Hope that explains better what you’re seeing in the output and how that relates to what it’s doing as well as how you can tell it’s blocking.

Thanks

Hi greg2,
It runs fine with below setting:
1 Run ‘sudo nvpmodel -m 0’
2 Modify the code(as attached):
2.1 appsrc with fixed frame rate
2.2 Remove adding random data
2.3 Pre-load the frames generated via
$ gst-launch-1.0 videotestsrc num-buffers=30 pattern=1 ! video/x-raw,width=4096,height=2160 ! filesink location=/home/nvidia/a.yuv

Looks like the system is busier in the case and requires mode 0
main.cpp (7.26 KB)

Most of those steps aren’t necessary, I don’t think. No need to change the way the frames are generated - the issue shows up whether you’re using random noise or a test pattern; whether using gst-launch or the test app.

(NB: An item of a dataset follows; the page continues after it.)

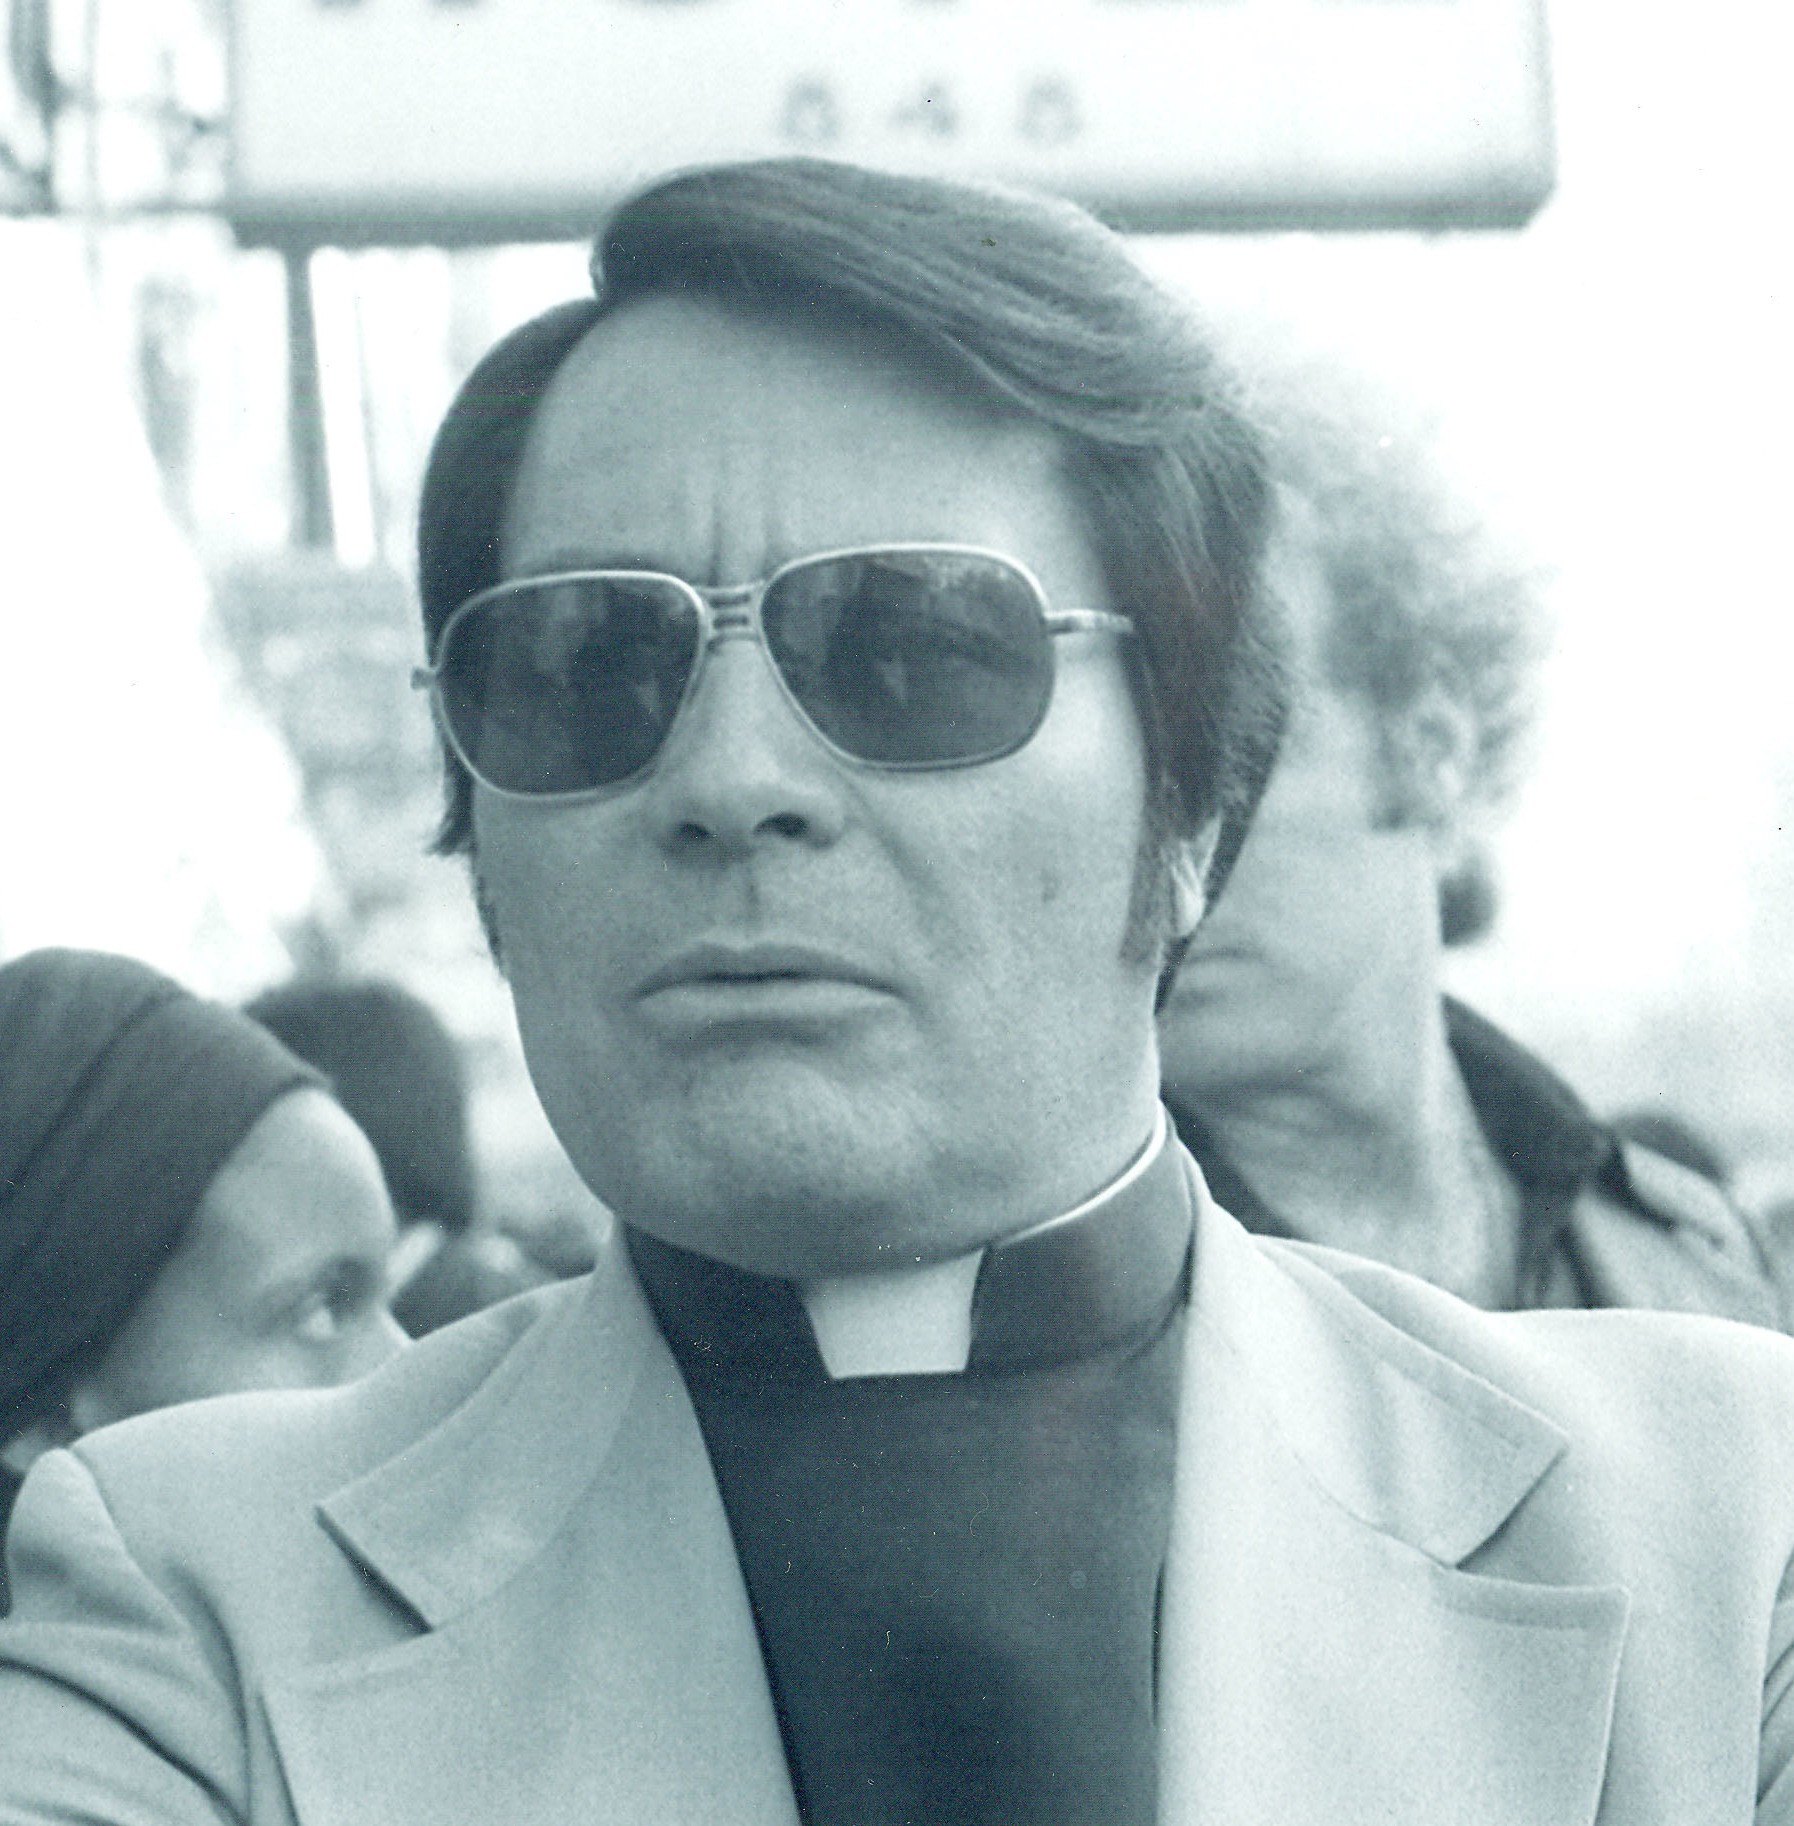 People’s Temple cult leader, Jim Jones, in sunglasses and priest’s collar.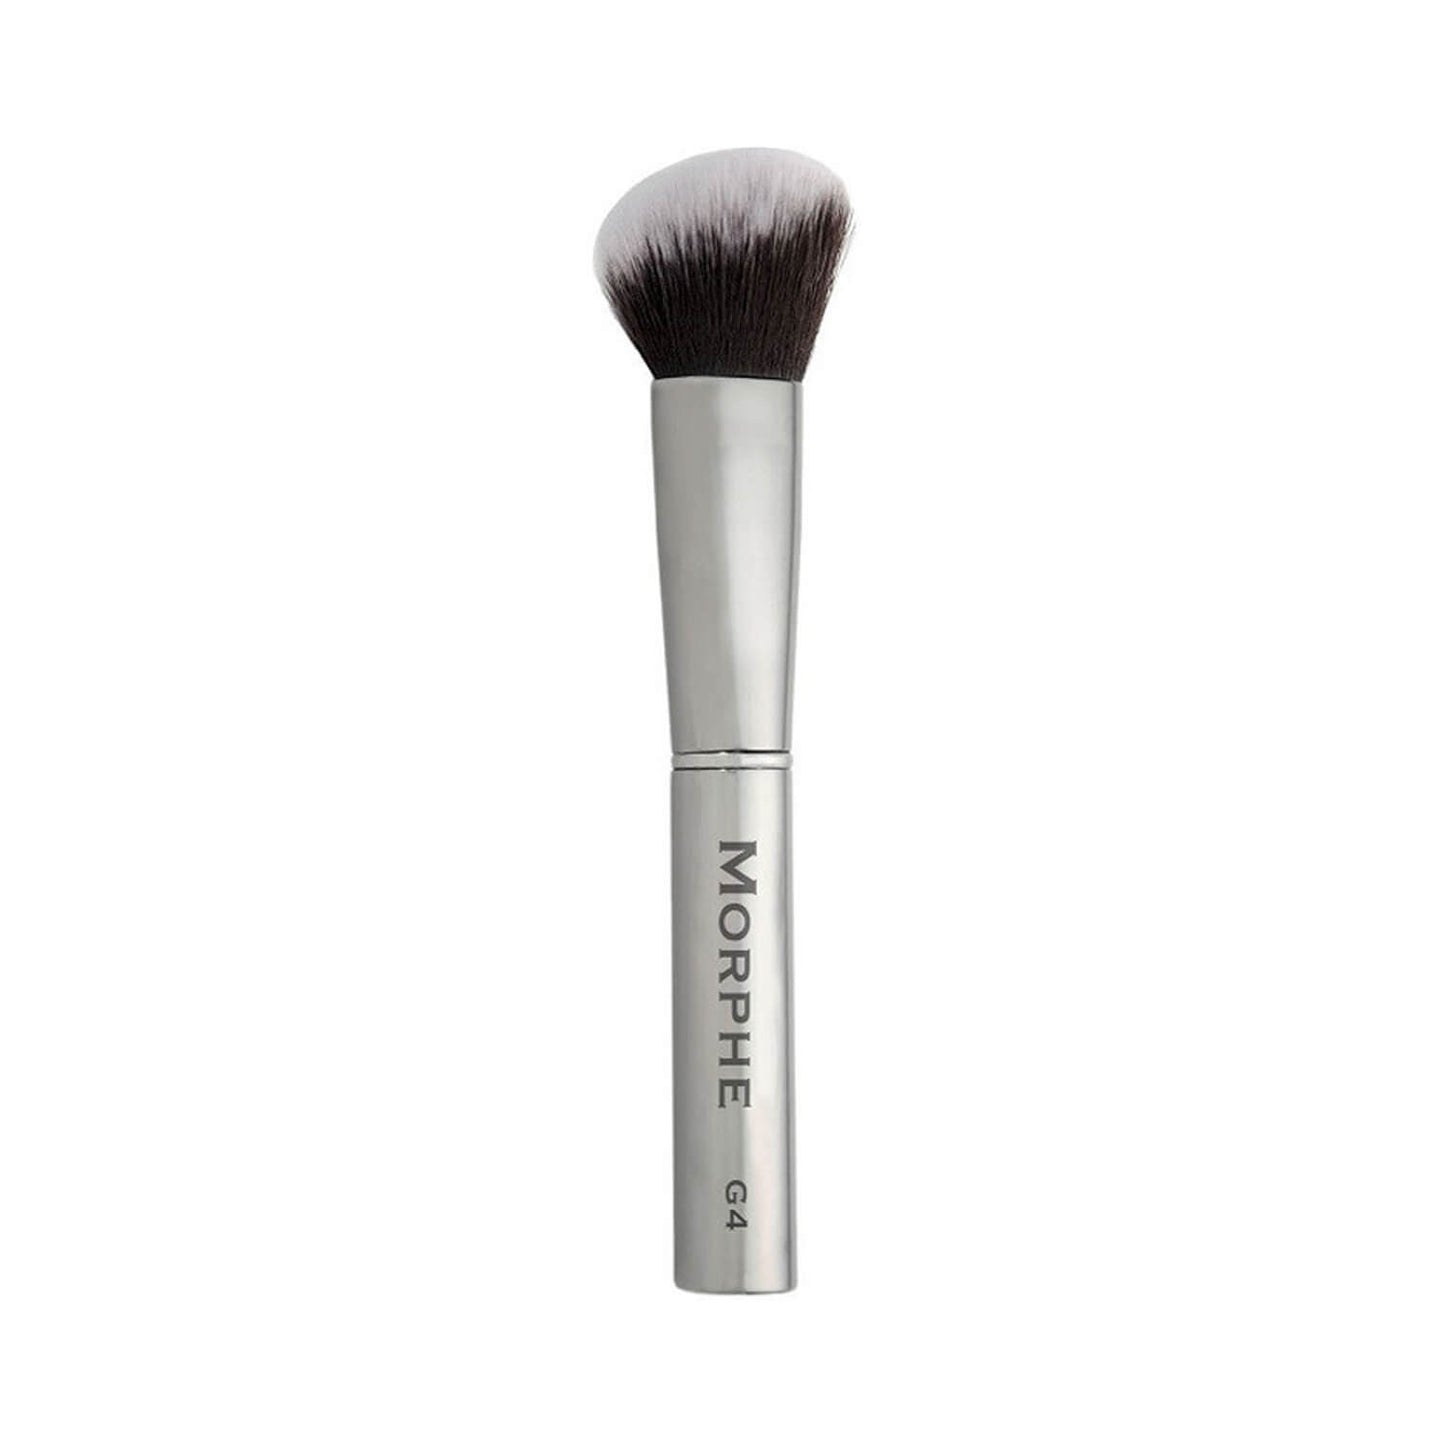 Morphe Cosmetics G4 Angle Blush Brush

If you read back in the thread (1st page) using model 0 works around the issue. We have some issues with model 0 though affecting other stuff negatively.

I feel like model 0 shouldn’t be the solution here, especially since this works fine over WIFI and through a USB->Ethernet dongle, this rings more of a system problem, or some buffer or packet size somewhere. I feel like model 0 is just masking the real issue, not actually fixing it. Never-the-less it looks like at the present we’ll need to try and make use of model 0 instead of 3.

Thanks

Hi greg2,
nvp model 0 is a working model we support. If you see issue in running it, please start a new post and give steps to reproduce the issue.

We have verified 4kp30 35Mbps RTMP via Ethernet working fine in model 0.

Yes, we definitely have an issue to correct on our side to fix running on model 0.

That being said, given that this same exact setup at the same bitrate and everything runs fine with model 3 on WIFI & USB ethernet the need for model 0 is suspicious at best, unless there’s some internal dependency of on-board ethernet on model 0. Though for now we’ll have to try and work around the issue using model 0, an ethernet dongle, or some other workaround.